TO DO => The whole listing, please: repeat it exactly, with the pictures left out.

SUPPLIED DATA =>
● ● ● ● ● ● ●

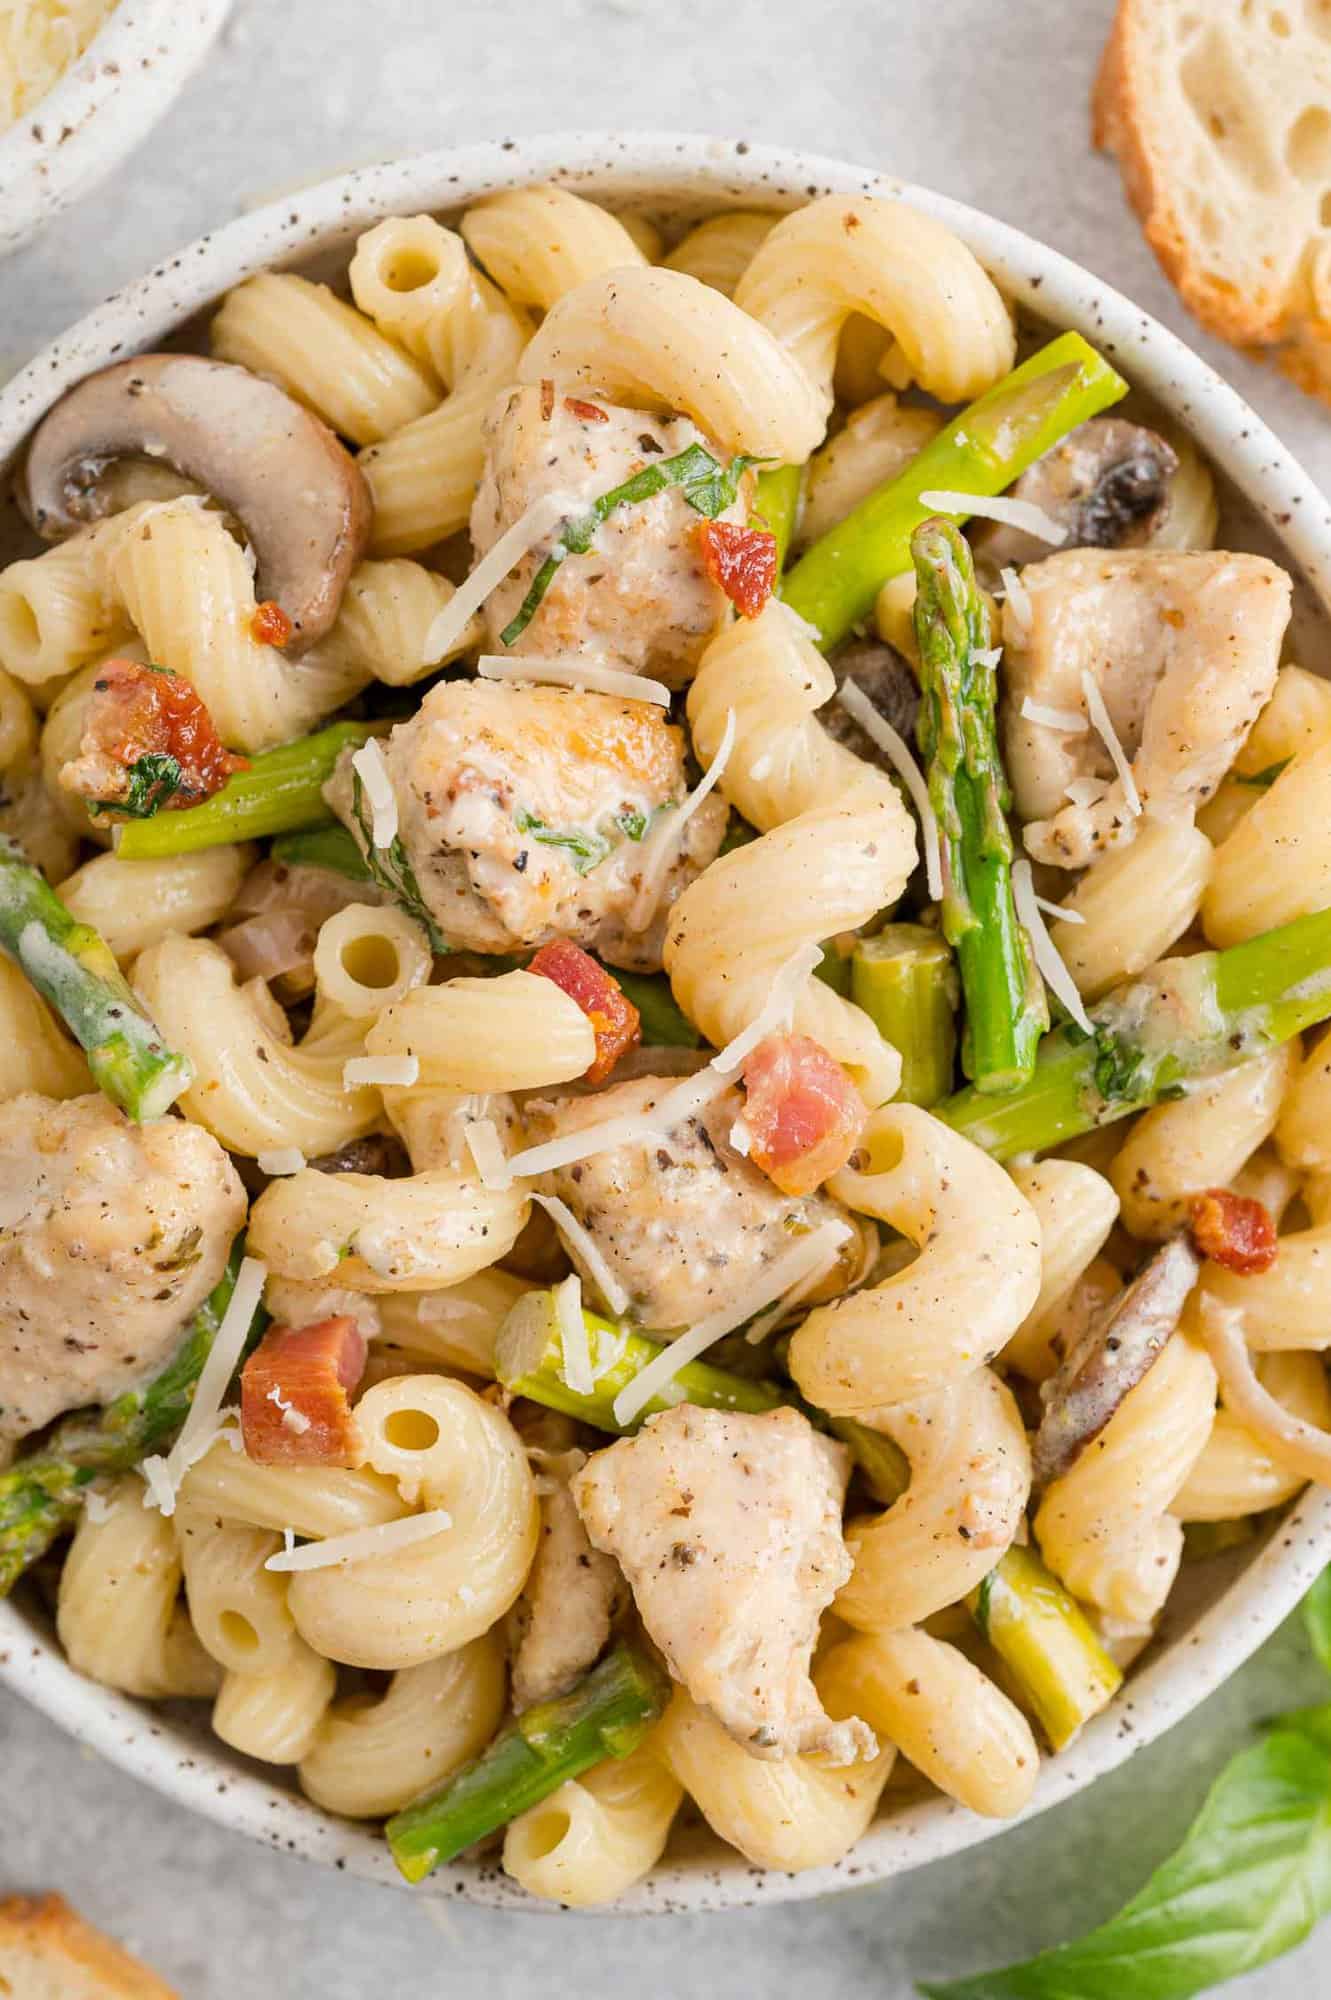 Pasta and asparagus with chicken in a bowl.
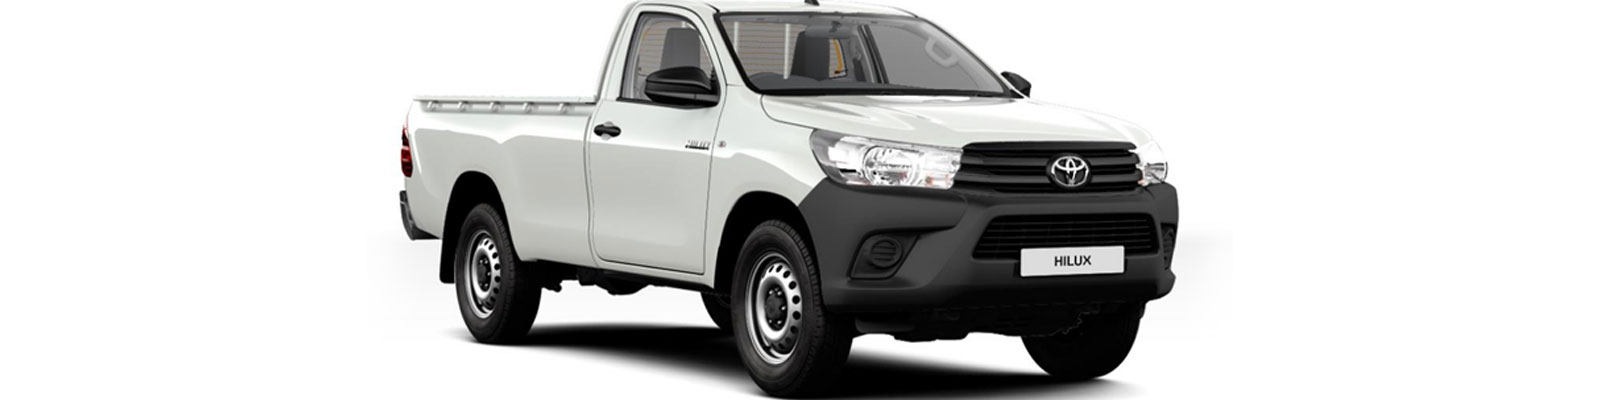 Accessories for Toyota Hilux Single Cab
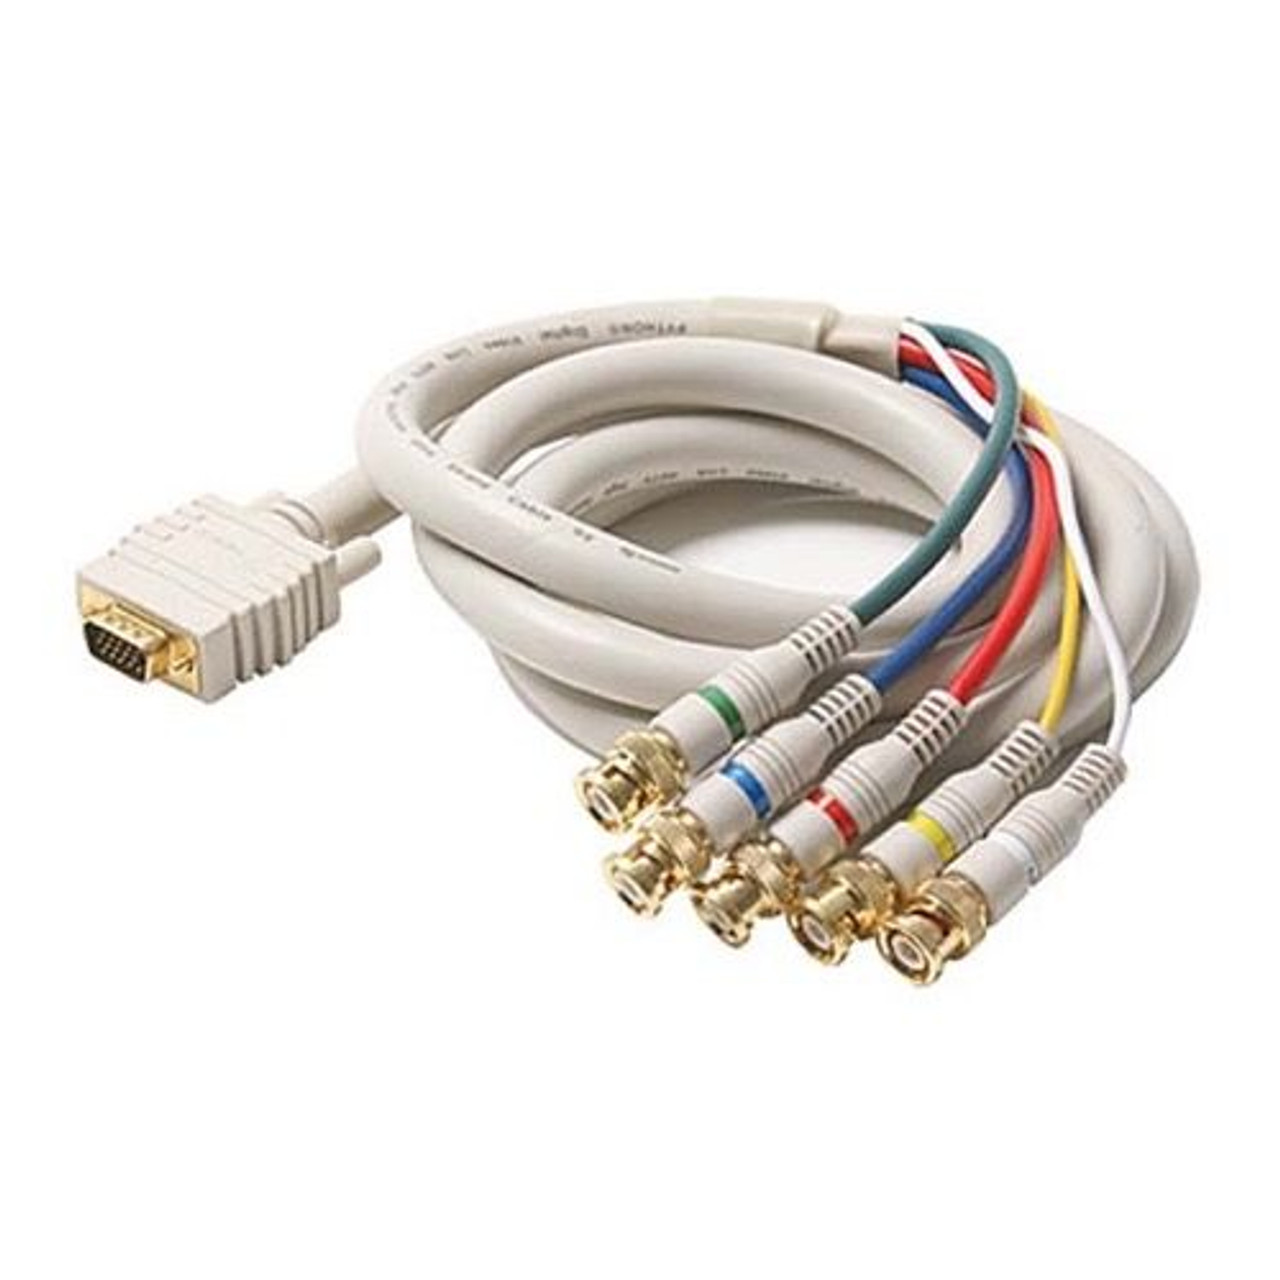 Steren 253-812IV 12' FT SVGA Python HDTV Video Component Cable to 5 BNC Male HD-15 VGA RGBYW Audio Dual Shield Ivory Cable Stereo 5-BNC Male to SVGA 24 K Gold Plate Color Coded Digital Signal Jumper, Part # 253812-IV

● ● ● ● ● ● ●

OUTPUT FOR THIS TASK =>
 Pasta and asparagus with chicken in a bowl.
 Accessories for Toyota Hilux Single Cab
 Steren 253-812IV 12' FT SVGA Python HDTV Video Component Cable to 5 BNC Male HD-15 VGA RGBYW Audio Dual Shield Ivory Cable Stereo 5-BNC Male to SVGA 24 K Gold Plate Color Coded Digital Signal Jumper, Part # 253812-IV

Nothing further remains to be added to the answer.